== Data section ==
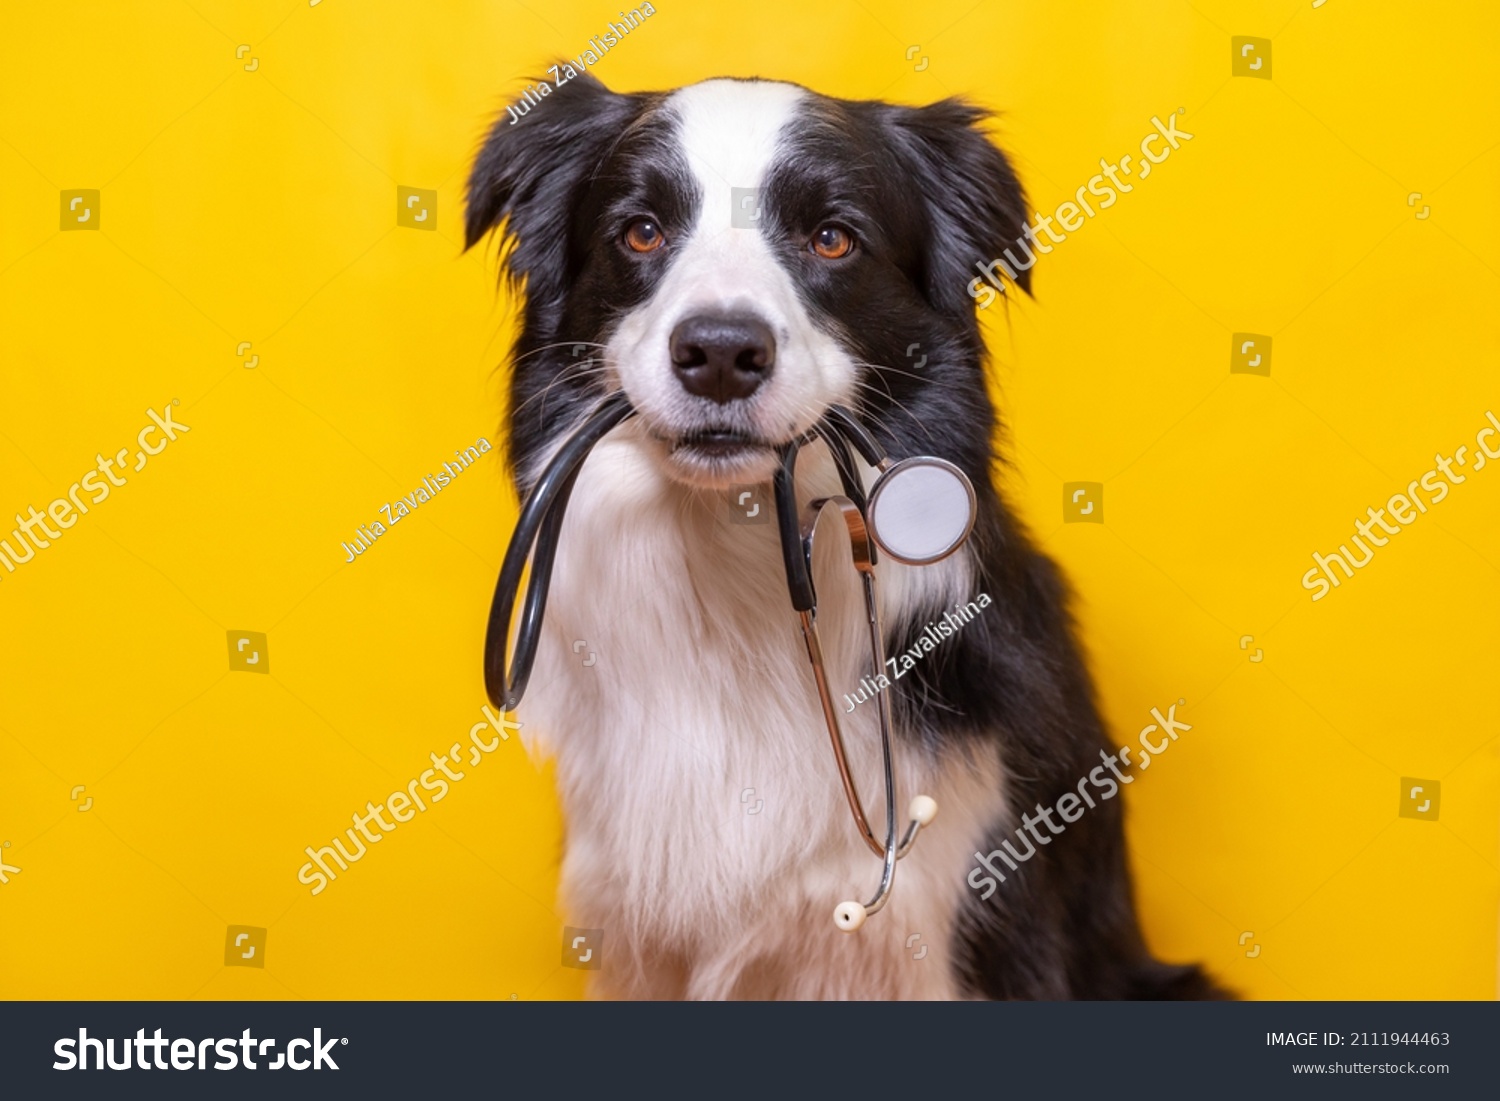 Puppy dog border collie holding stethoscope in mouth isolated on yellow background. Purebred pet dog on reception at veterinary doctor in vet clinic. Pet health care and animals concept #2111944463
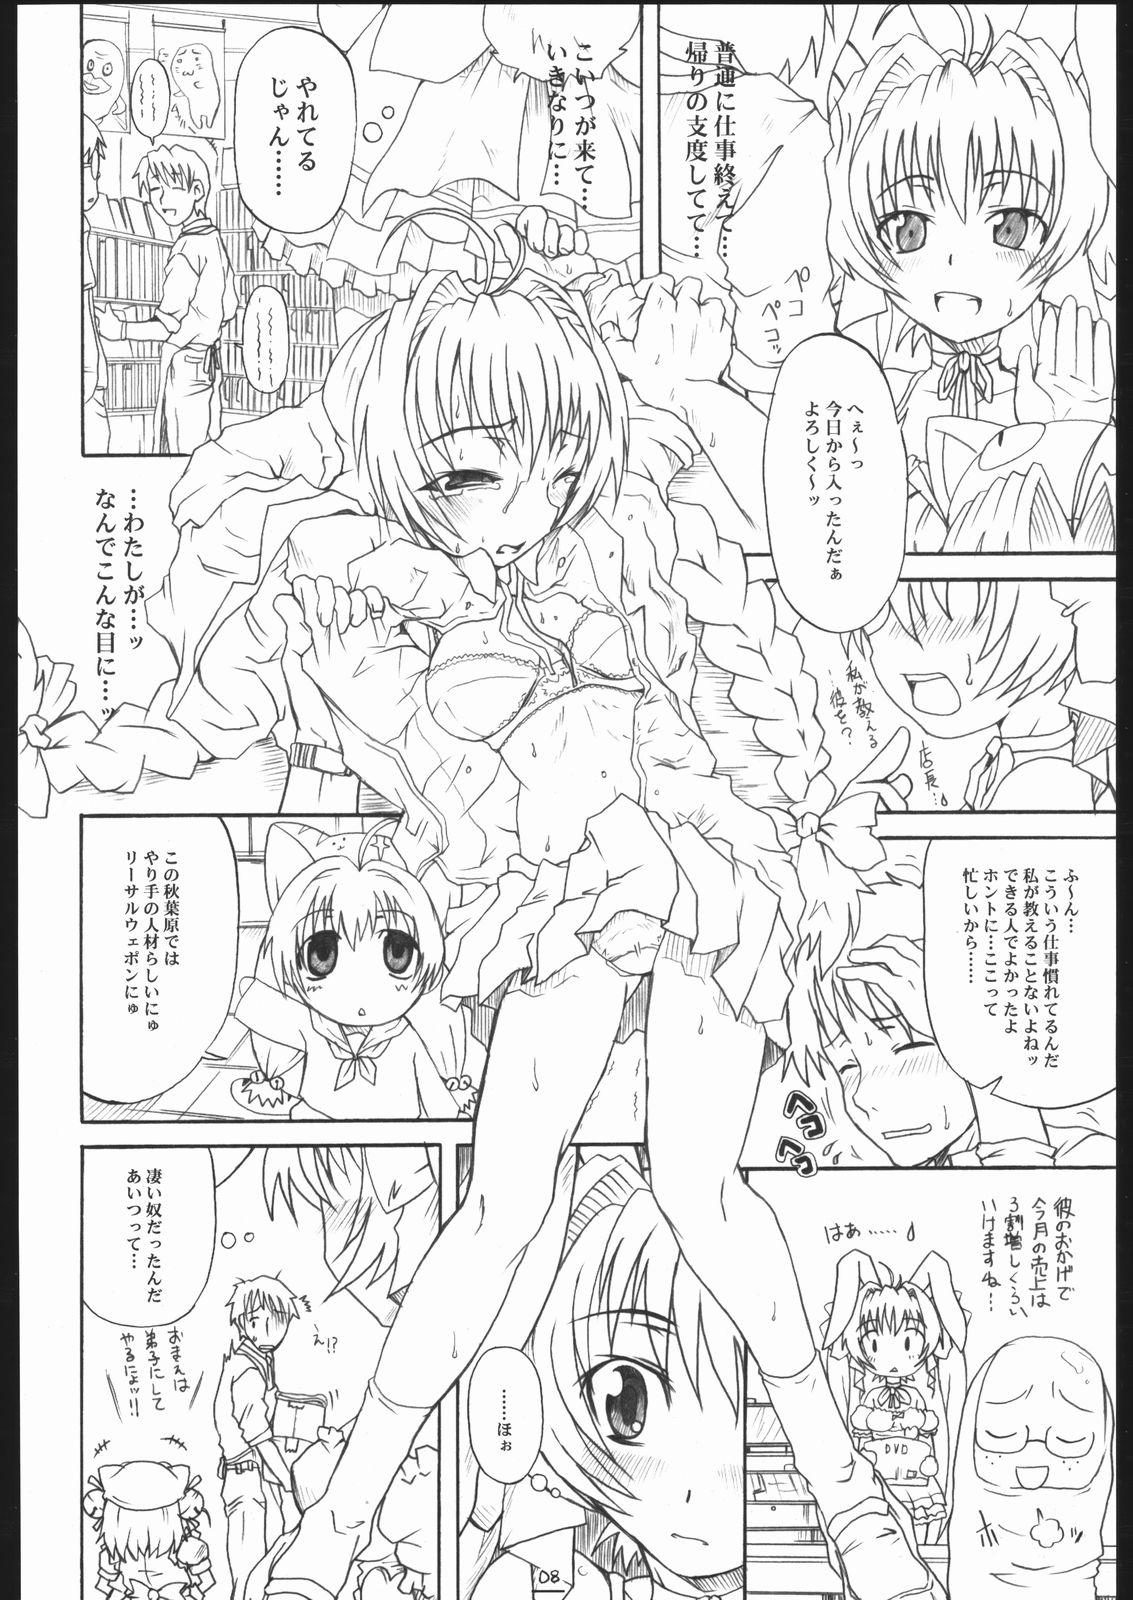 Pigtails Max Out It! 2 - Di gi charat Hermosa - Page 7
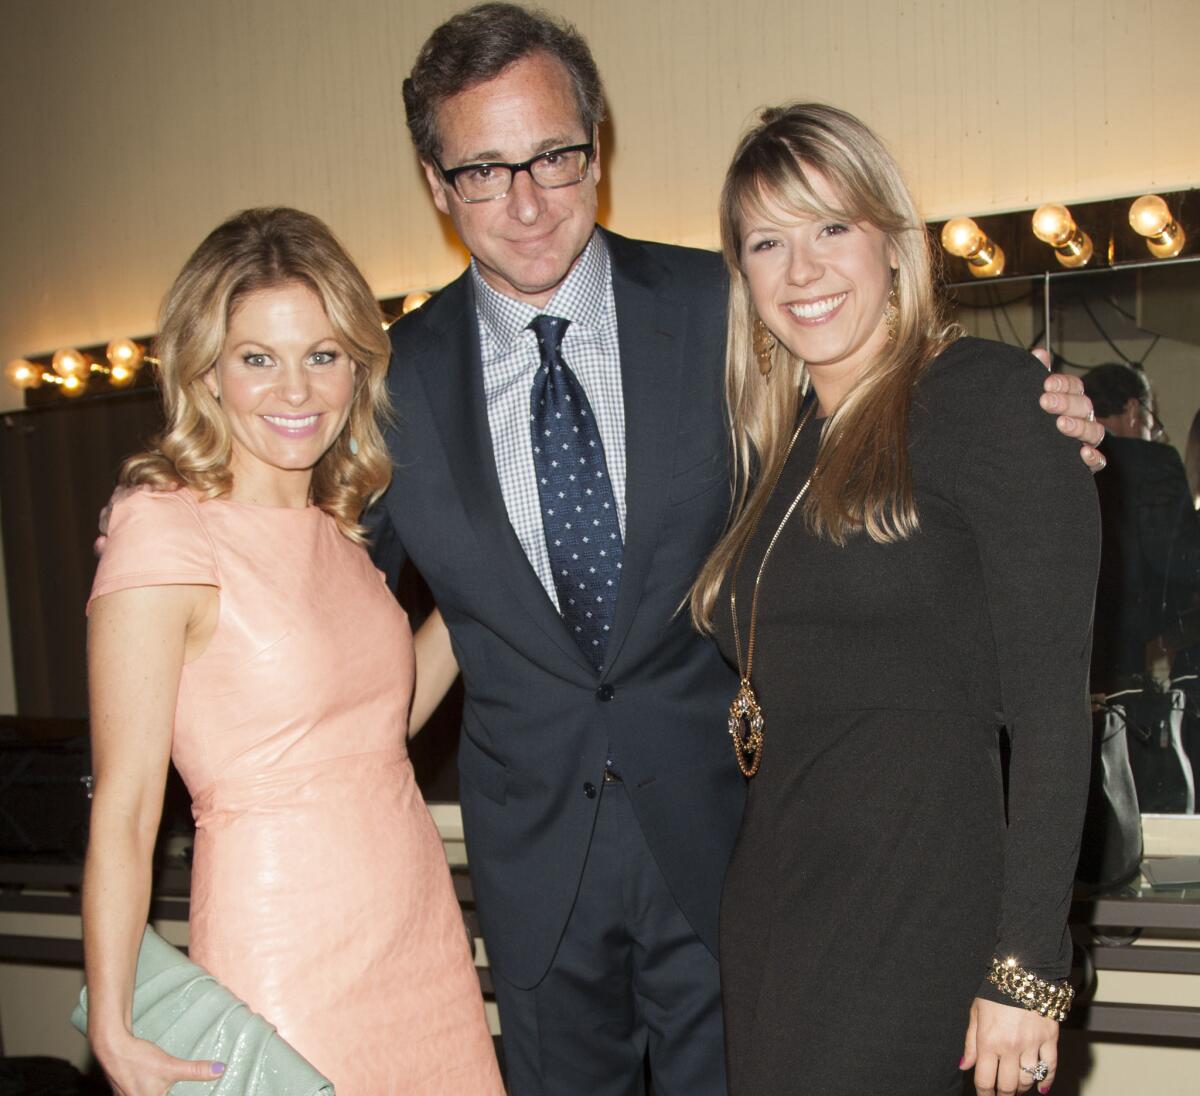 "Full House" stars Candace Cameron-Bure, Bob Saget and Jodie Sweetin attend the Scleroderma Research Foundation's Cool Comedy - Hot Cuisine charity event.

== Work instructions ==
Set down exactly, line for line, the data from the line that contains "Pigtails Max Out" through its last line, keeping pictures out.

== Response to the exercise ==
 Pigtails Max Out It! 2 - Di gi charat Hermosa - Page 7
 "Full House" stars Candace Cameron-Bure, Bob Saget and Jodie Sweetin attend the Scleroderma Research Foundation's Cool Comedy - Hot Cuisine charity event.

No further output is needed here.